:: Prompt ::
Restate all the data word for word and omit the pictures.

:: Information supplied ::

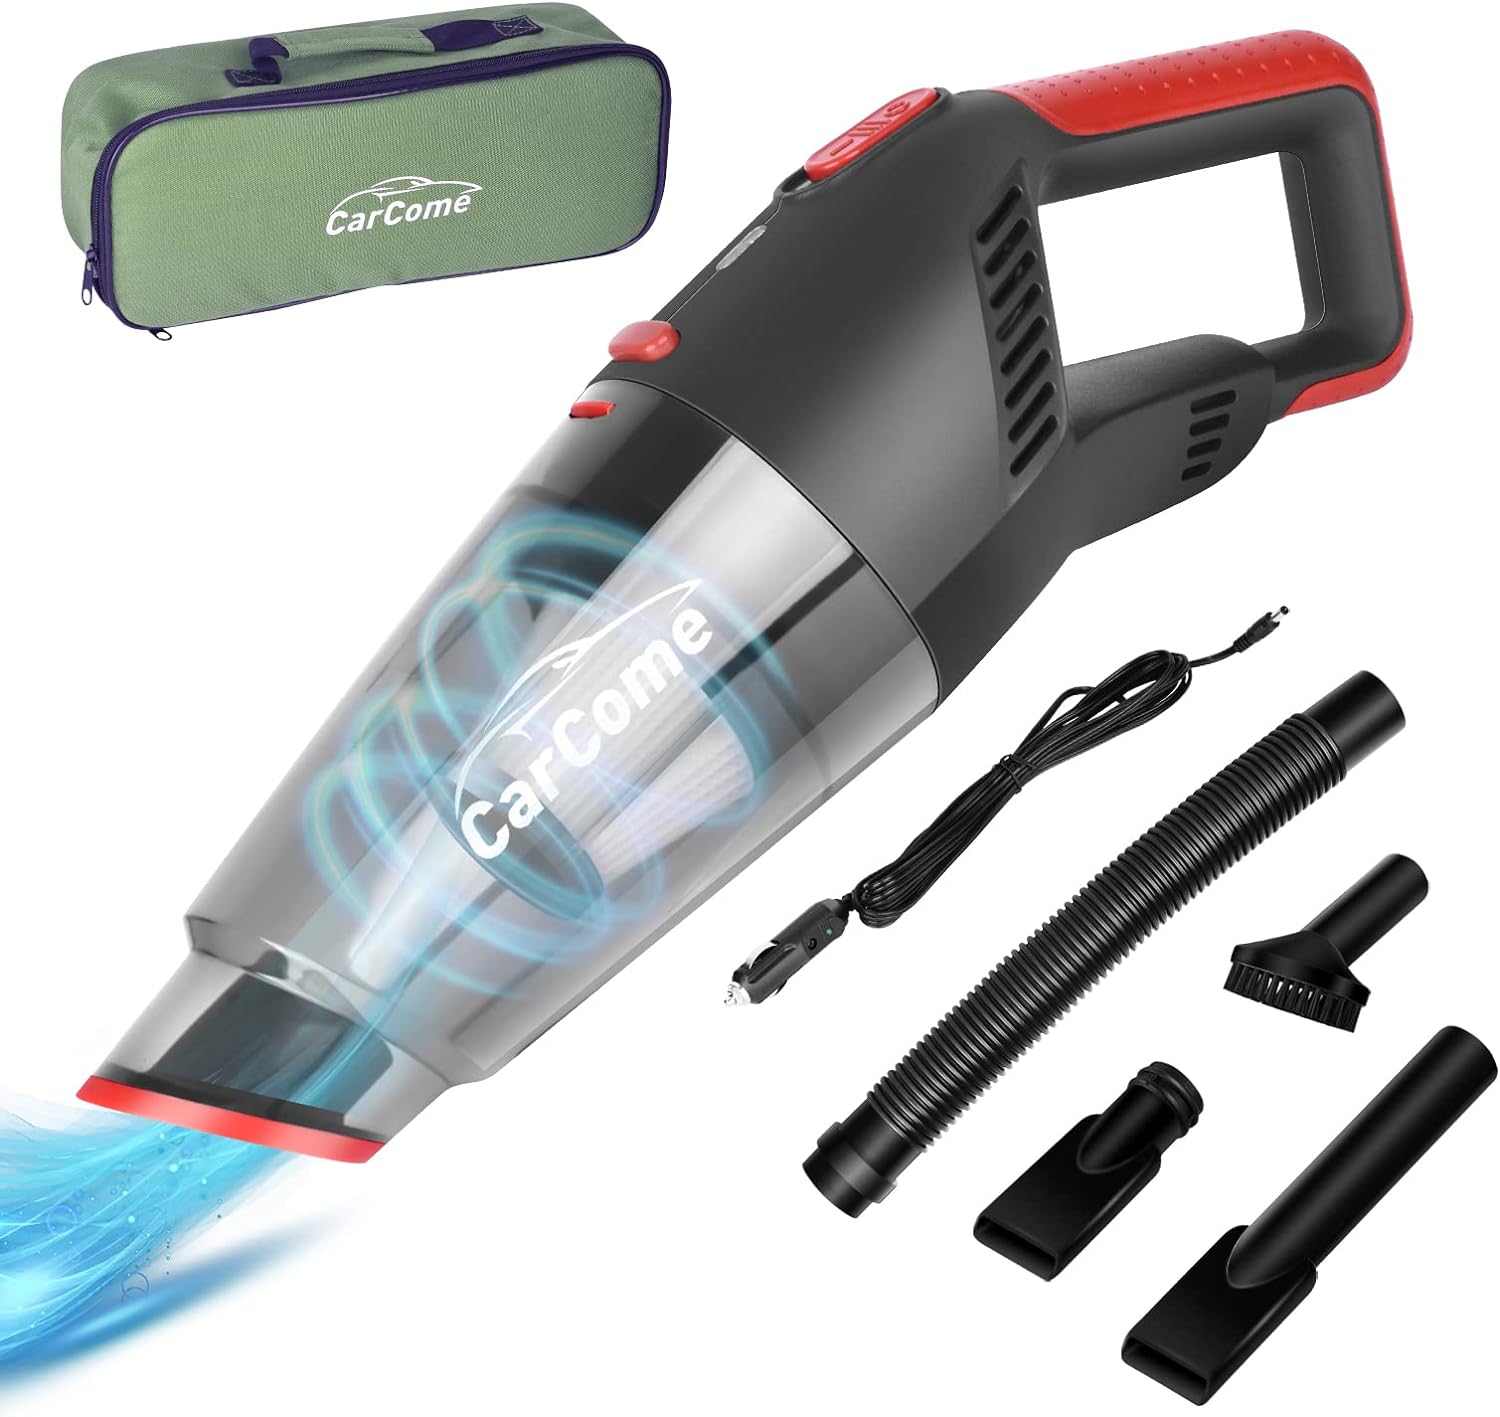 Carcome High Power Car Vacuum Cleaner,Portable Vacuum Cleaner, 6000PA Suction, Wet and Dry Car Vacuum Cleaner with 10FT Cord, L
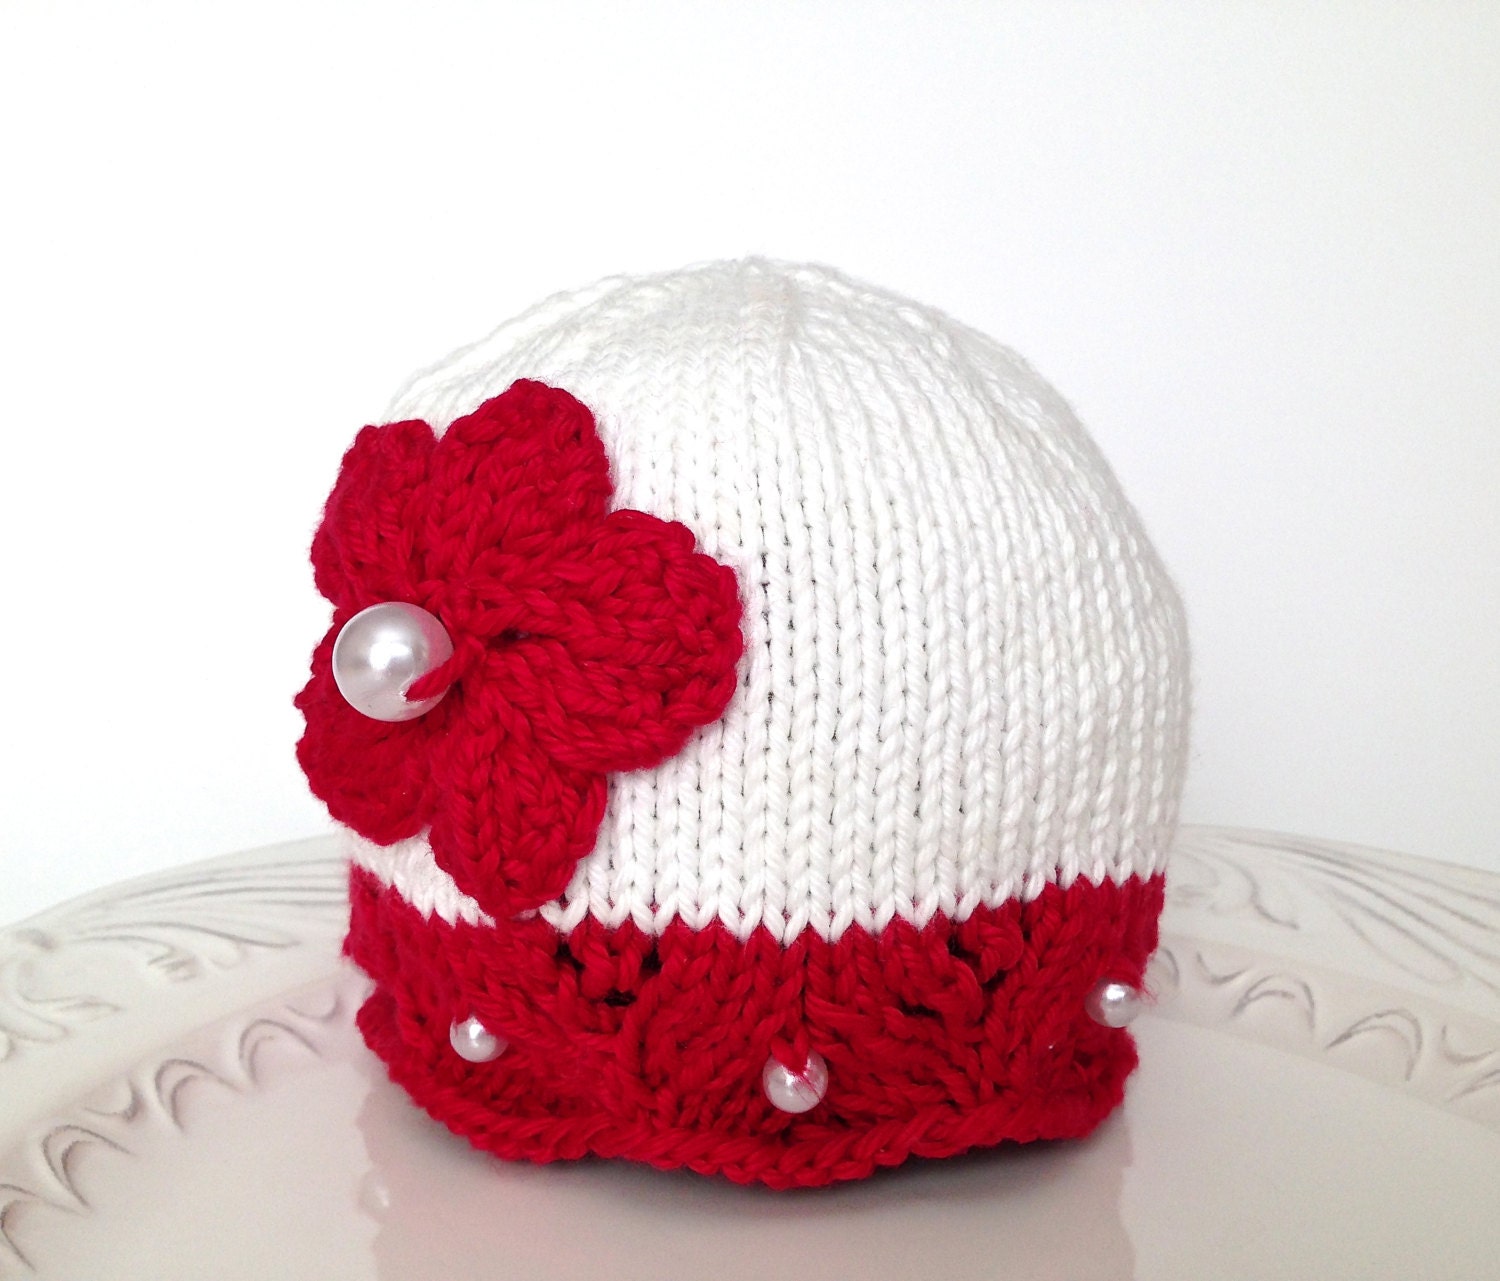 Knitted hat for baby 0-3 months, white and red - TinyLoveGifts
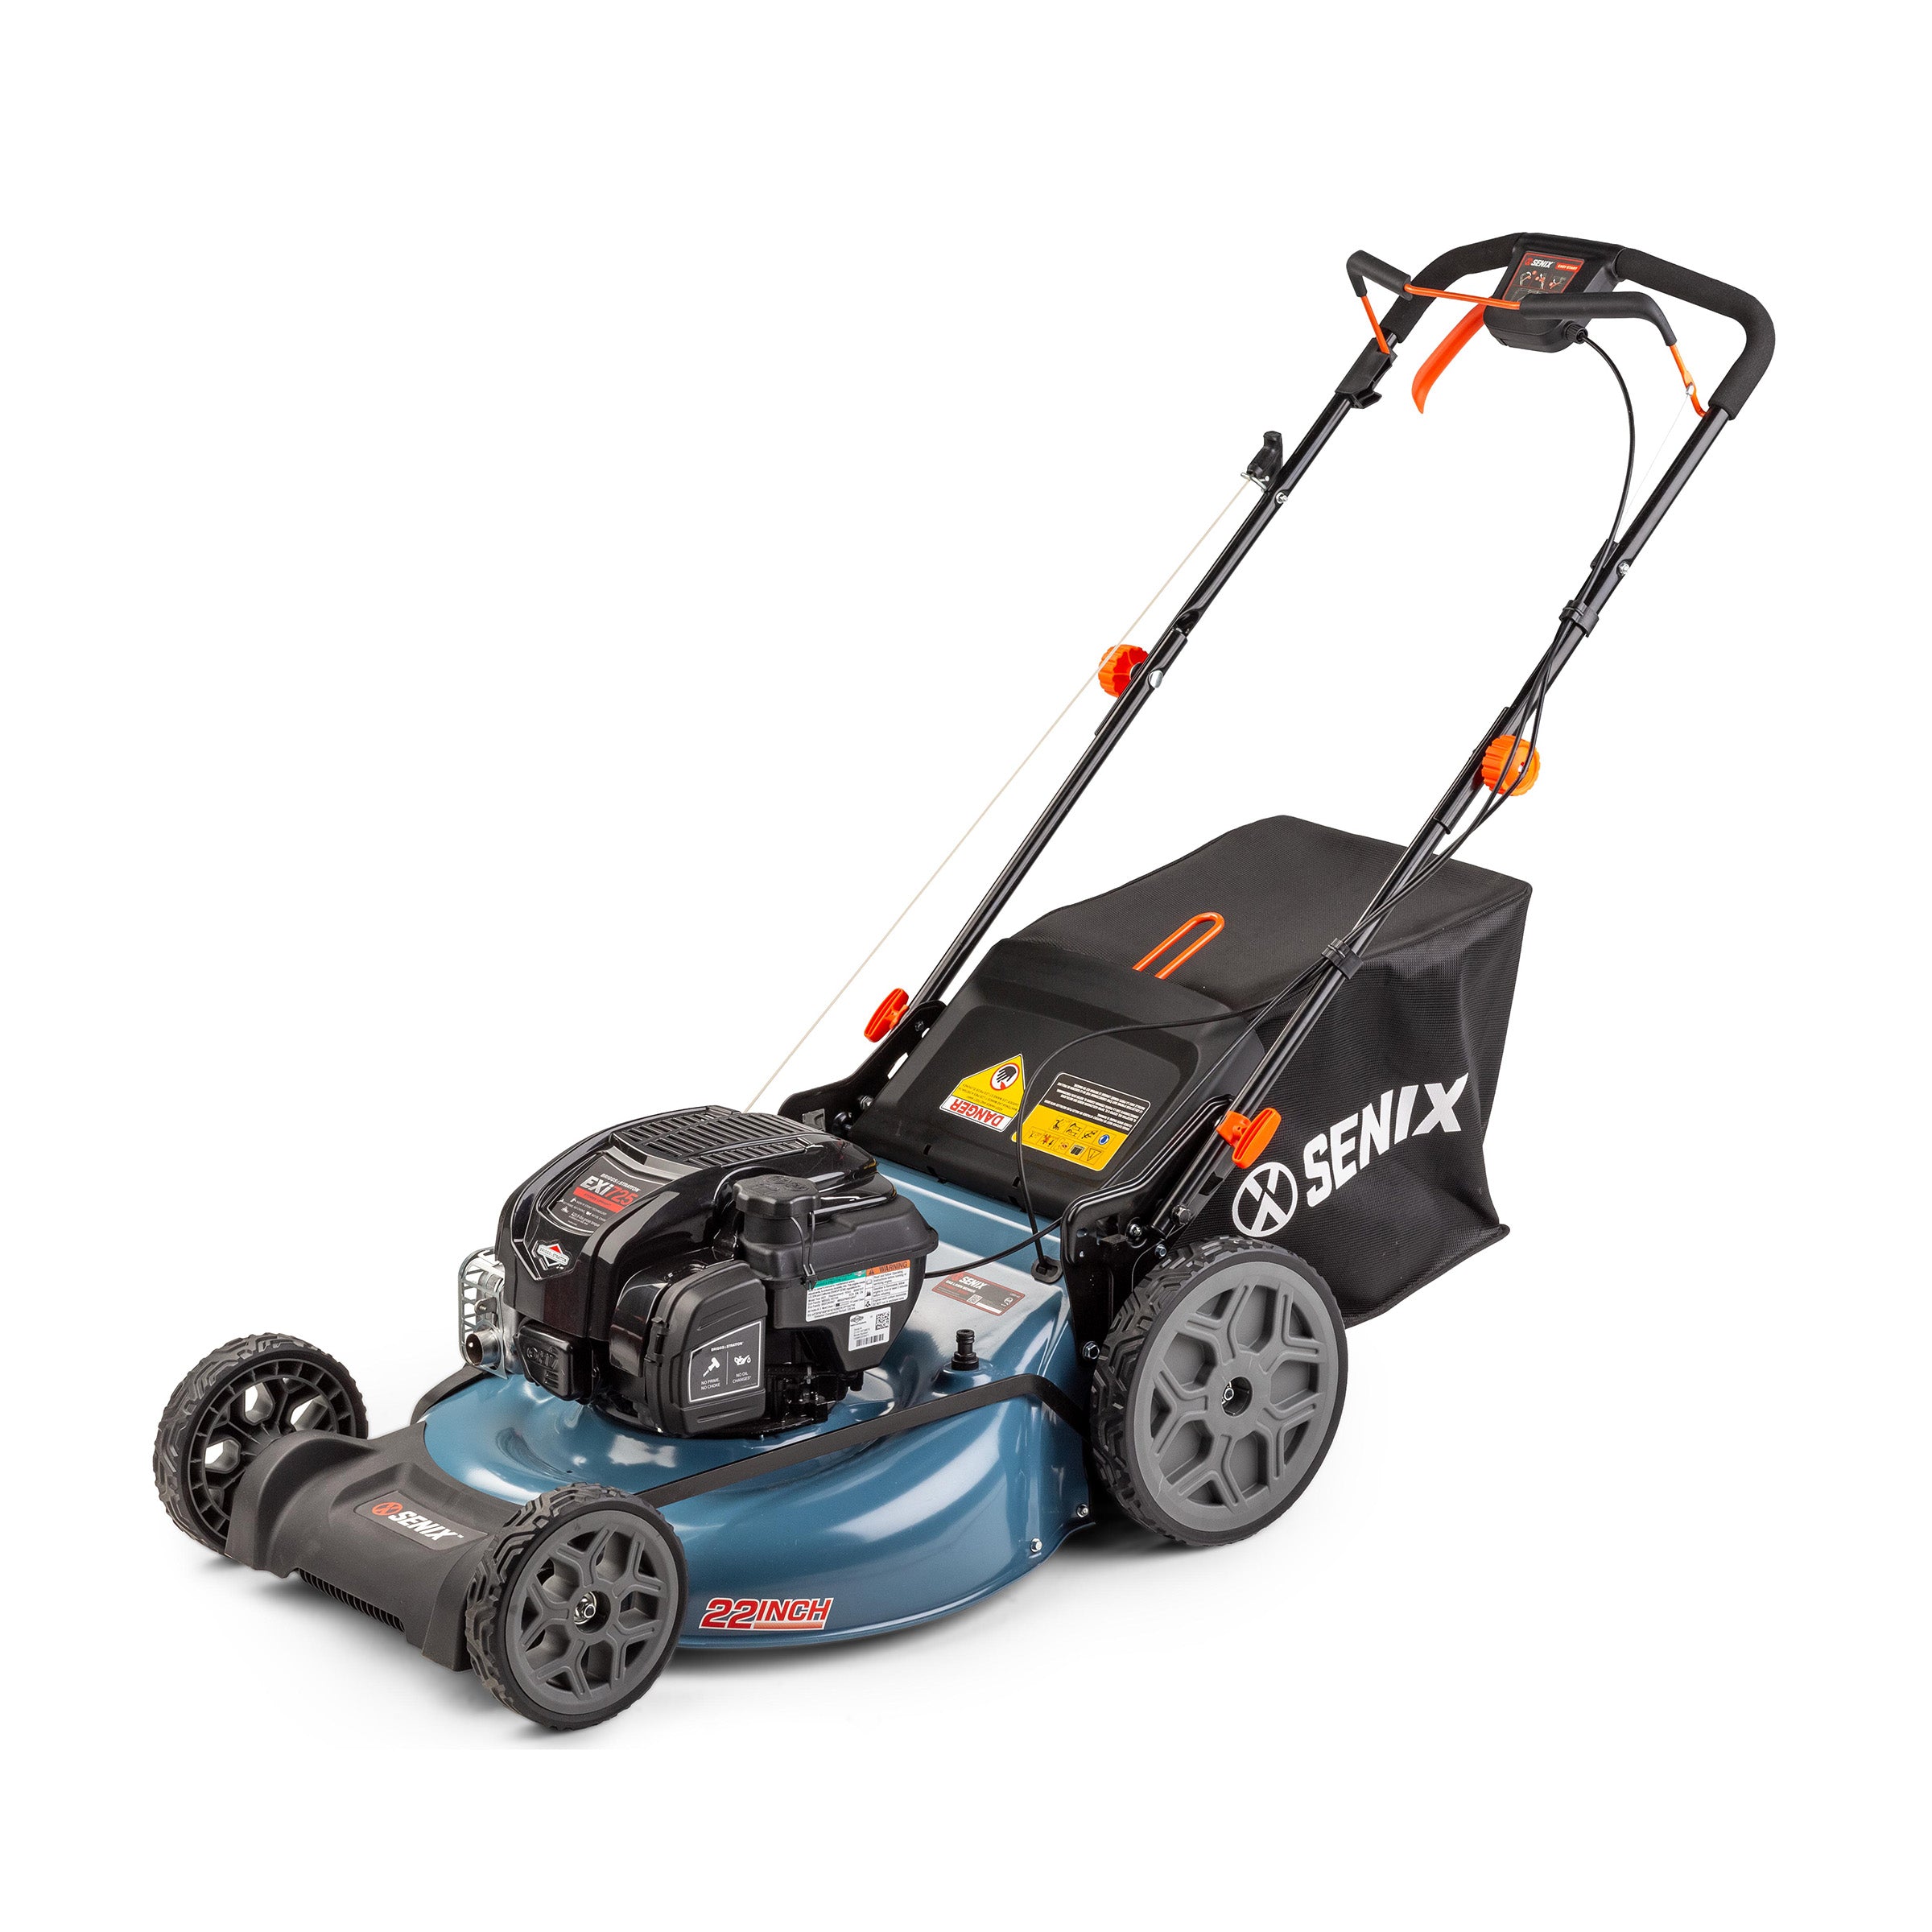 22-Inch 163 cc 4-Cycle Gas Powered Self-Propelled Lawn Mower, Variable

:: Result for this exercise ::
 Carcome High Power Car Vacuum Cleaner,Portable Vacuum Cleaner, 6000PA Suction, Wet and Dry Car Vacuum Cleaner with 10FT Cord, L
 Knitted hat for baby 0-3 months, white and red - TinyLoveGifts
 22-Inch 163 cc 4-Cycle Gas Powered Self-Propelled Lawn Mower, Variable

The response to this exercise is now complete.